START TASK DATA
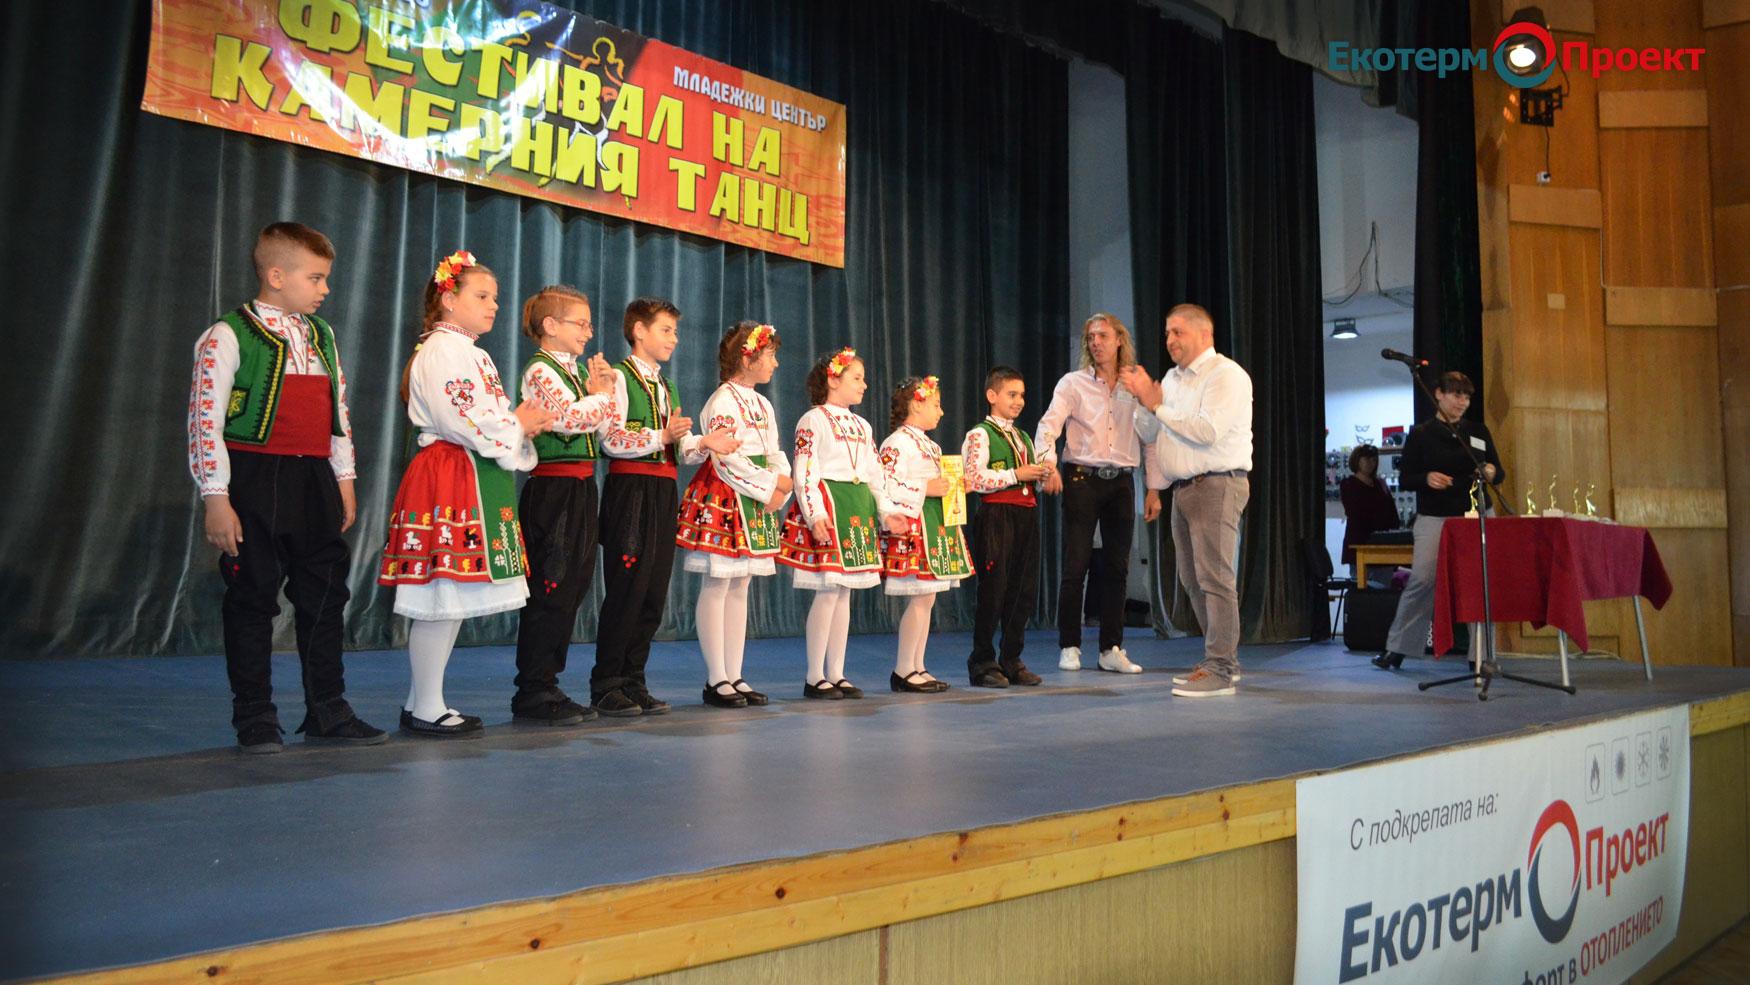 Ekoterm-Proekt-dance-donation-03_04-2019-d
END TASK DATA
START TASK DATA
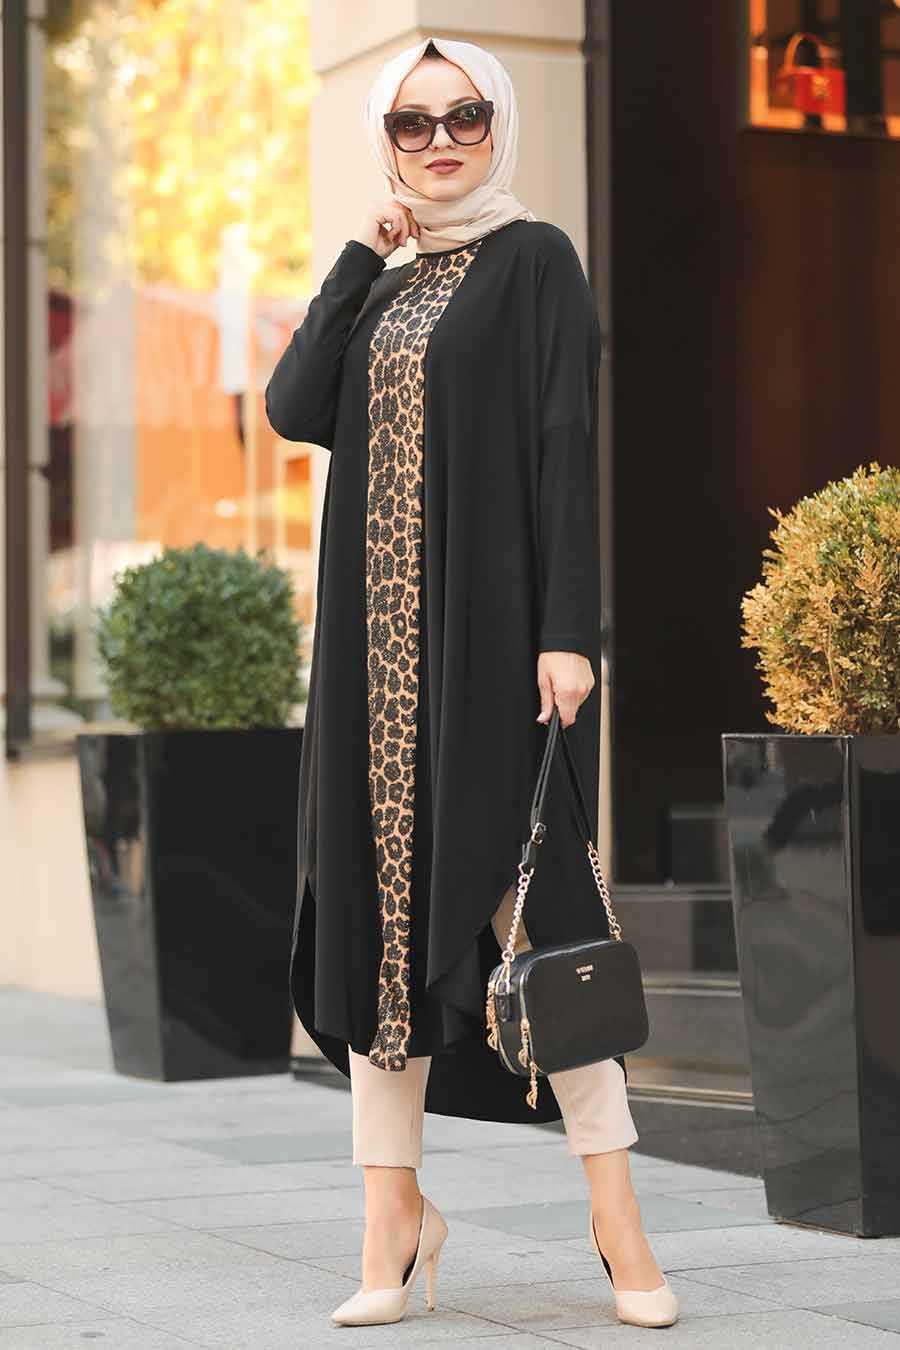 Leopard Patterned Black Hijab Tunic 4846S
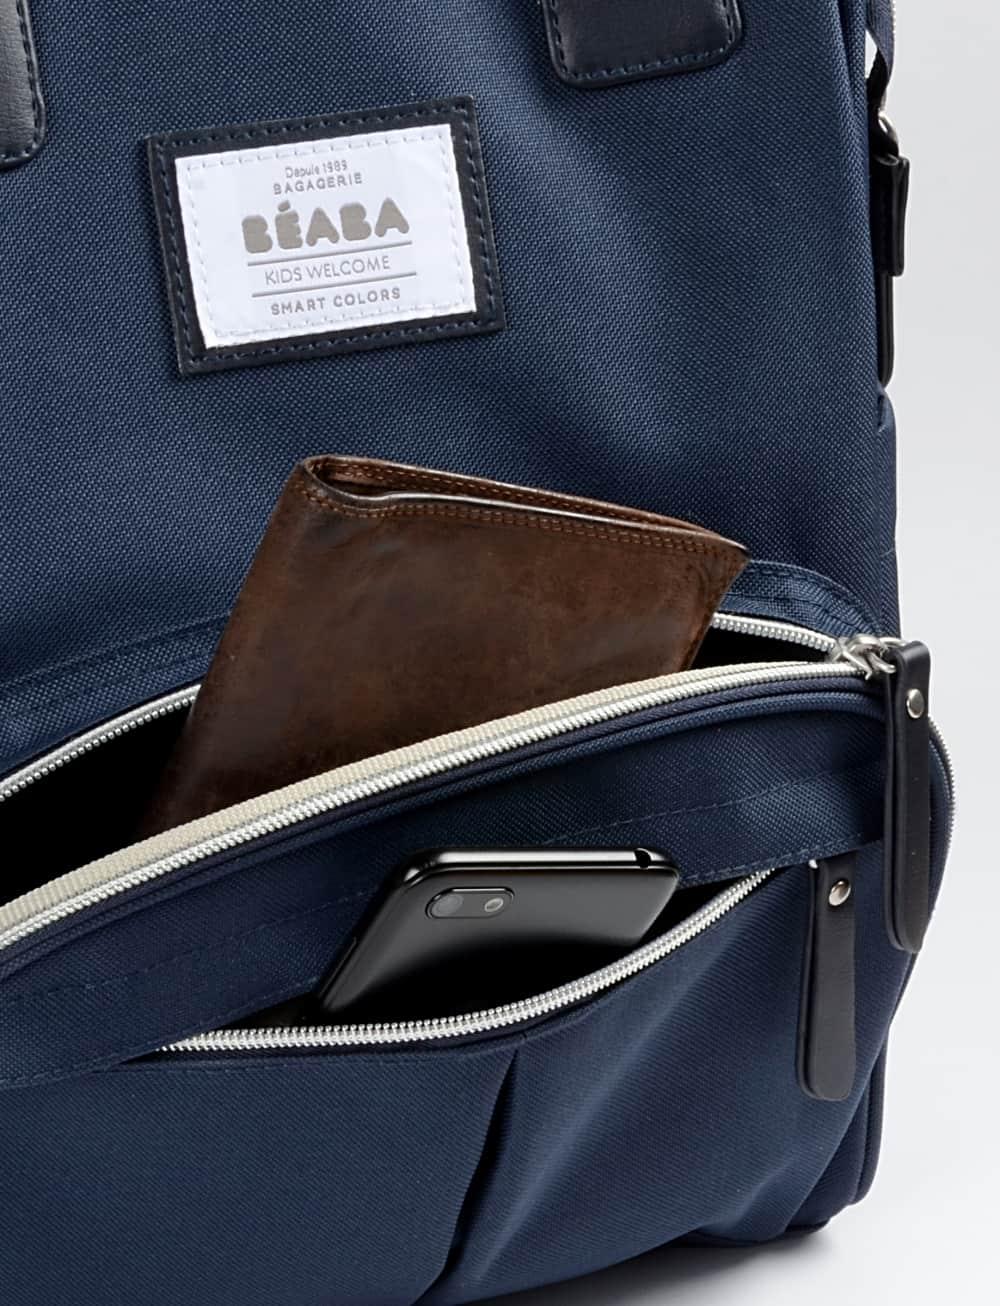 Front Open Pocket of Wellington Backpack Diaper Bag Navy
END TASK DATA
- TASK DIRECTIONS -
Beginning at the line above that contains "Leopard Patterned Black Hijab Tunic 4846S", repeat each line exactly through the one that contains "Front Open Pocket", and leave out the pictures.

- TASK SOLUTION -
 Leopard Patterned Black Hijab Tunic 4846S
 Front Open Pocket of Wellington Backpack Diaper Bag Navy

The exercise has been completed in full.